Monash University, Melbourne, Victoria, Australia.
St John of God Hospital and Deakin University, Geelong, Victoria, Australia, and Australian Orthopaedic Association National Joint Replacement Registry, Adelaide, South Australia, Australia.
Arthritis Care Res (Hoboken). 2024 Jun;76(6):895-903. doi: 10.1002/acr.25304. Epub 2024 Feb 15.
We evaluated the measurement properties of the Oxford Shoulder Score (OSS) and estimated the minimal clinically important change (MCIC) in patients undergoing primary total shoulder replacement in Australia.
Deidentified data from the Australian Orthopaedic Association National Joint Replacement Registry were used for this analysis. Pre- and 6-month postoperative OSS scores were used, with the 5-level EuroQoL quality of life instrument and shoulder pain scores used as comparators. Floor and ceiling effects, internal consistency reliability, construct validity, and responsiveness to change were evaluated using standard psychometric methods. Mean change and predictive modeling approaches (with and without adjustment for the proportion of improved patients) were used to calculate MCIC thresholds, with patient-perceived improvement after surgery as the anchor.
Preoperative OSS data were available for 1,117 patients (59% female; 90% aged ≥60 years) undergoing primary total shoulder replacement. No floor or ceiling effects were observed pre- or postoperatively. The OSS showed high internal consistency reliability (Cronbach alpha >0.89), good construct validity, and high responsiveness to change (effect size 1.88). The MCIC derived from the mean change method was 6.50 points (95% confidence interval [95% CI] 4.41-8.61). The predictive modeling approach produced an MCIC estimate of 8.42 points (95% CI 5.68-12.23) after adjustment.
The OSS has good measurement properties to capture pain and function outcomes after shoulder replacement procedures and is highly responsive to change. Based on robust methods, an increase in OSS scores of at least eight points can be considered as meaningful improvement after surgery from the patient's perspective.
我们评估了牛津肩部评分(OSS)的测量特性,并估计了澳大利亚接受初次全肩关节置换术的患者的最小临床重要变化(MCIC)。

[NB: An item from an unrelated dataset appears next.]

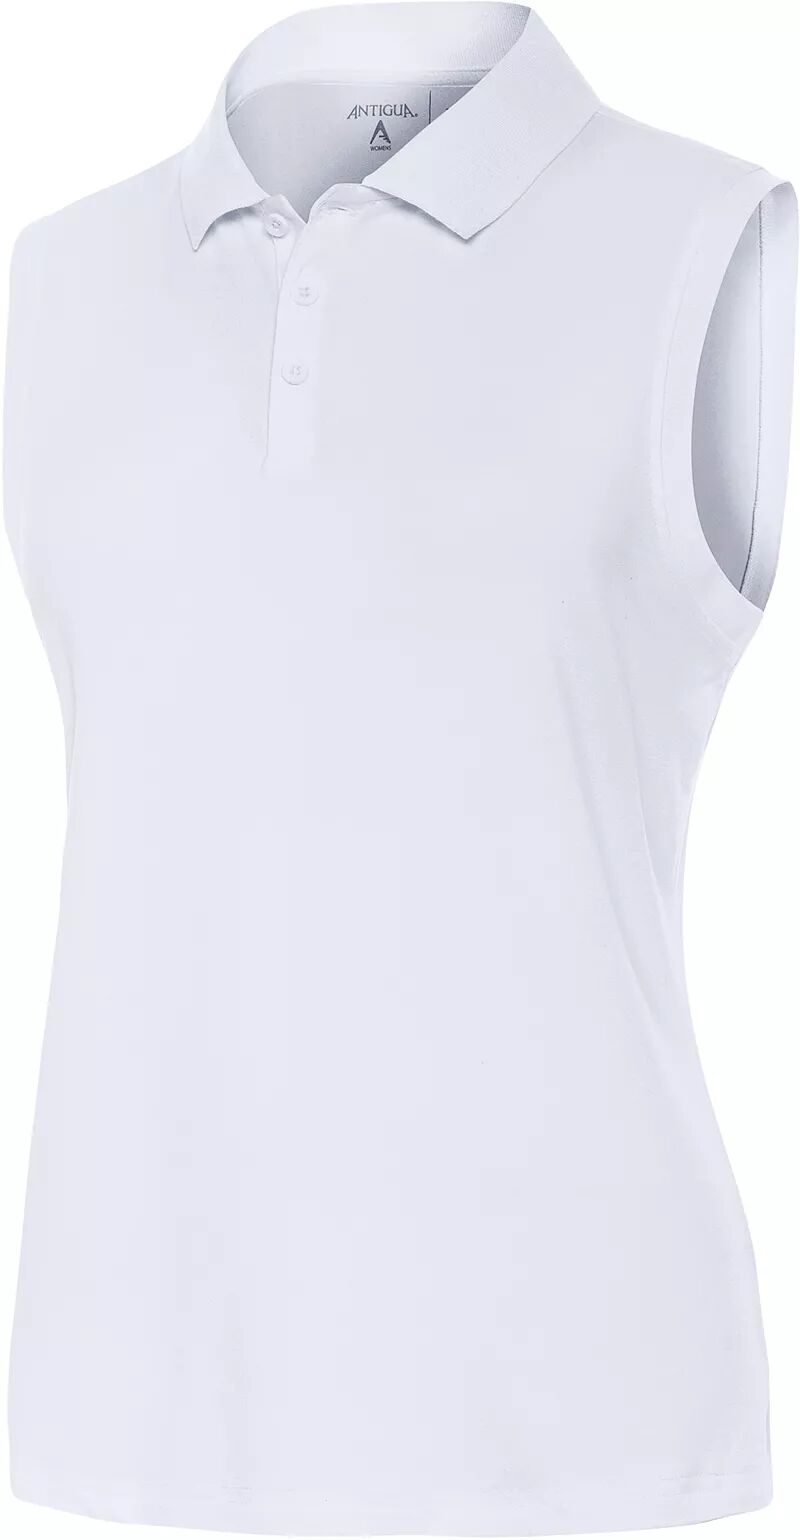 Женская рубашка-поло для гольфа без рукавов Antigua Recap

本分析使用了澳大利亚矫形协会国家关节置换登记处的匿名数据。使用术前和术后 6 个月的 OSS 评分,并将 5 级欧洲生活质量量表和肩部疼痛评分作为对照。使用标准心理测量方法评估地板和天花板效应、内部一致性可靠性、结构有效性和对变化的反应性。使用平均变化和预测模型方法(包括和不包括调整改善患者比例)来计算 MCIC 阈值,以手术后患者的自我感知改善为锚点。
共有 1117 例(59%为女性;90%年龄≥60 岁)接受初次全肩关节置换术的患者可获得术前 OSS 数据。术前和术后均未观察到地板或天花板效应。OSS 显示出较高的内部一致性可靠性(Cronbach alpha >0.89)、良好的结构有效性和对变化的高反应性(效应量 1.88)。基于平均变化方法得出的 MCIC 值为 6.50 分(95%置信区间 [95%CI] 4.41-8.61)。调整后预测模型方法得出的 MCIC 估计值为 8.42 分(95%CI 5.68-12.23)。
OSS 具有良好的测量特性,可用于捕捉肩部置换手术后的疼痛和功能结果,并且对变化高度敏感。基于可靠的方法,从患者的角度来看,OSS 评分至少增加 8 分可以被认为是手术后有意义的改善。